Description of the task: What you return should match the data word for word, minus the images.

Dataset section:
Start of Block

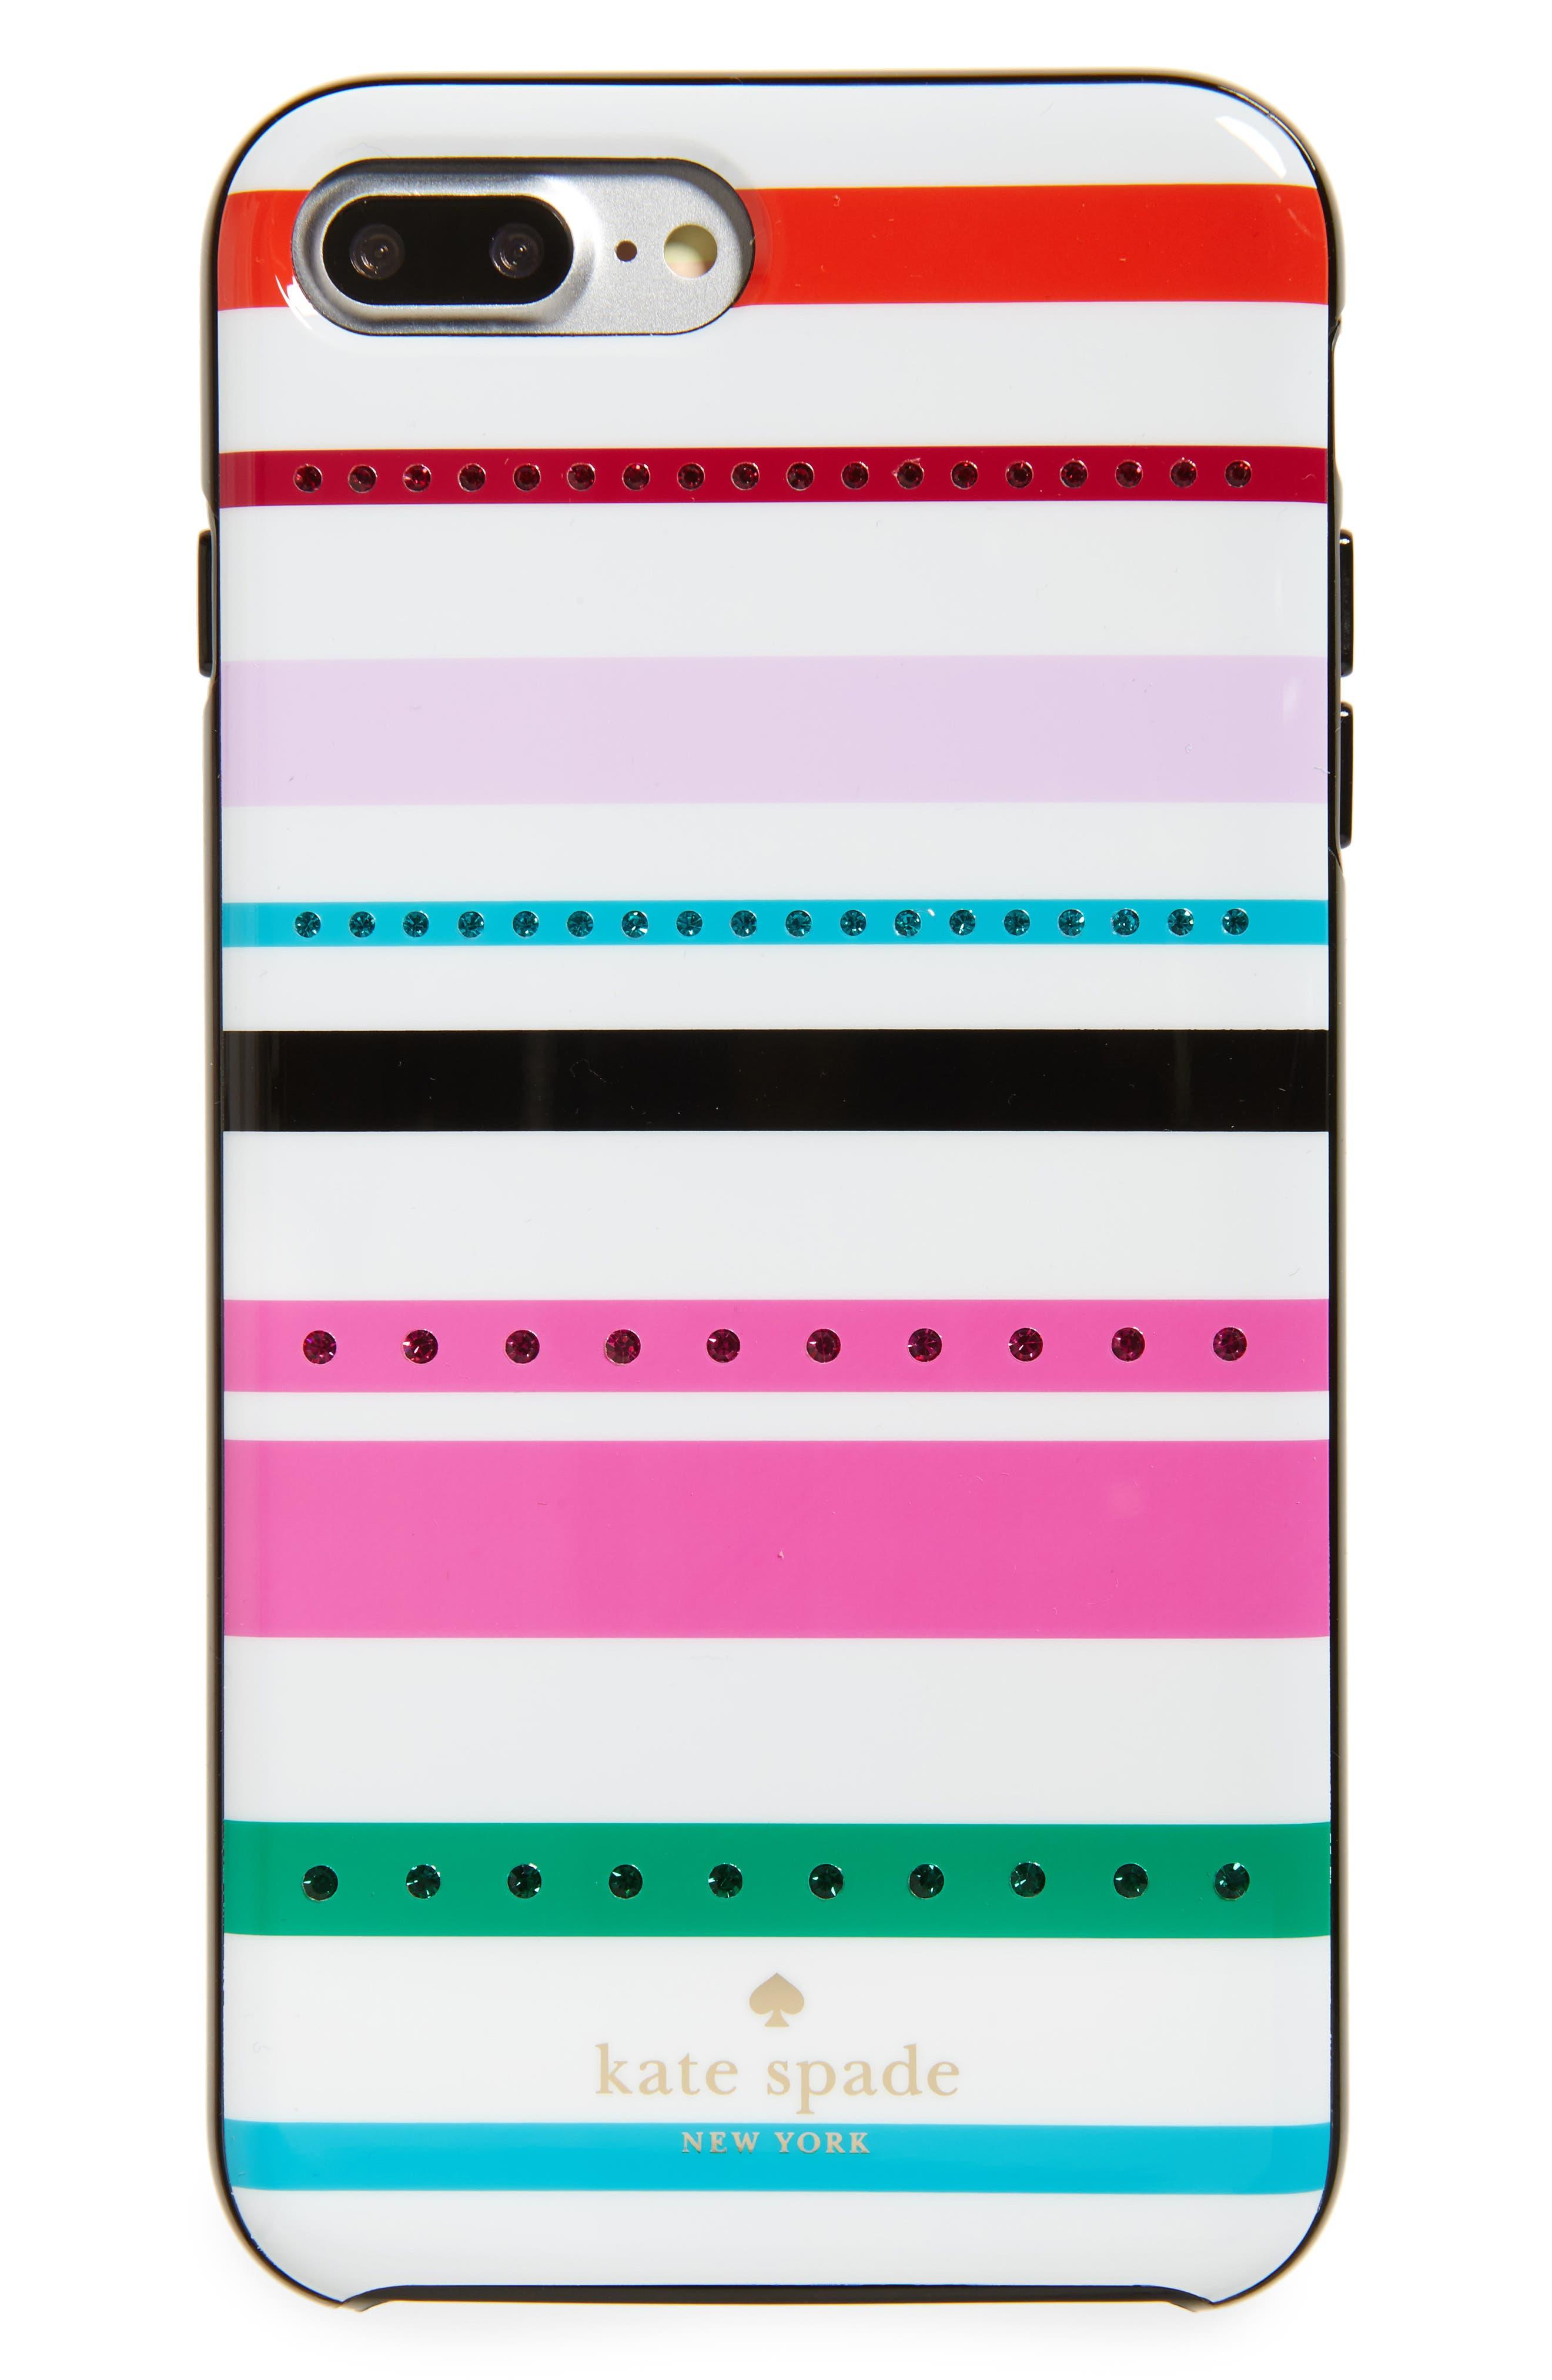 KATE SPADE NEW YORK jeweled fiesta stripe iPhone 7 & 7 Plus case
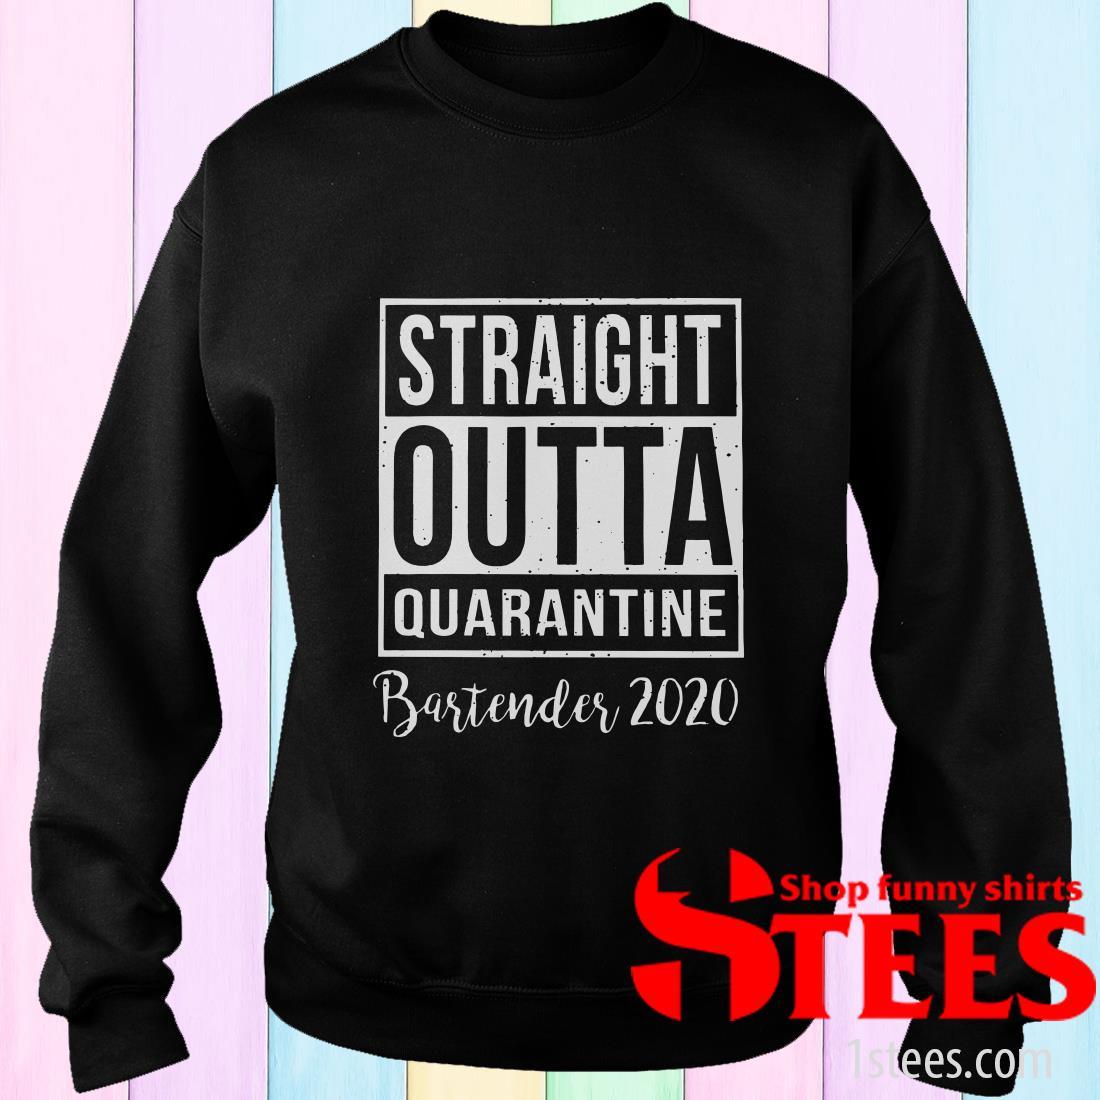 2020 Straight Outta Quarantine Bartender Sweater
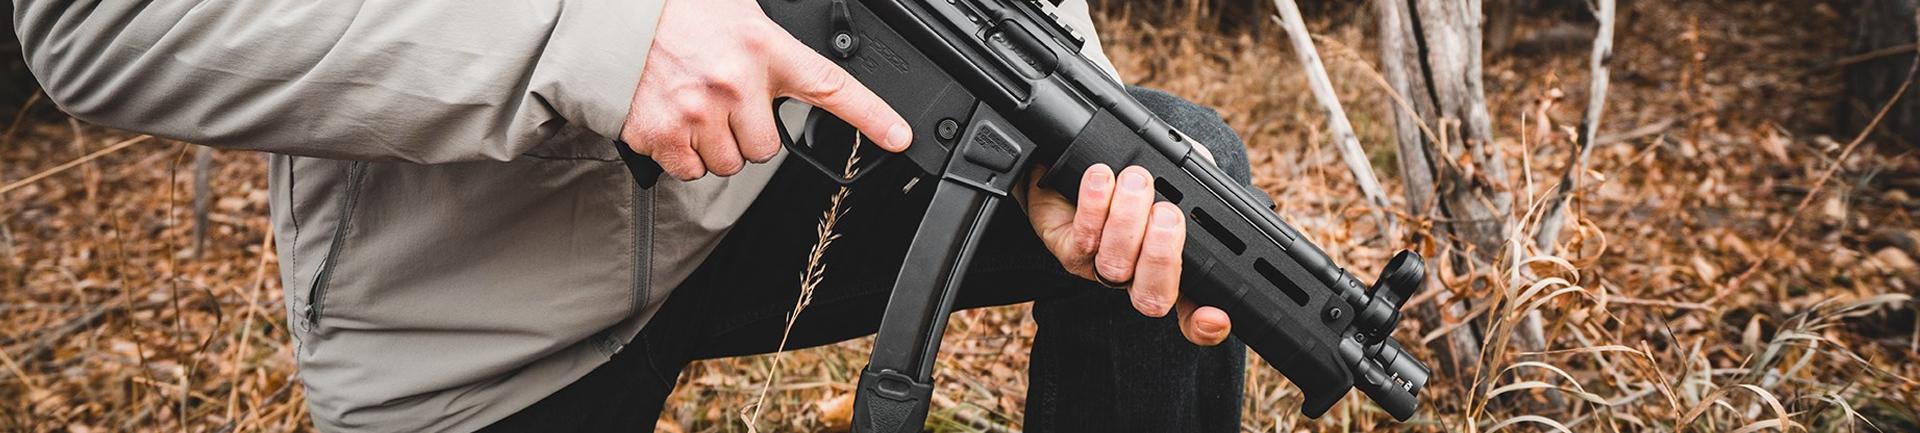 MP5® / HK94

End of Block

Result below:
 KATE SPADE NEW YORK jeweled fiesta stripe iPhone 7 & 7 Plus case
 2020 Straight Outta Quarantine Bartender Sweater
 MP5® / HK94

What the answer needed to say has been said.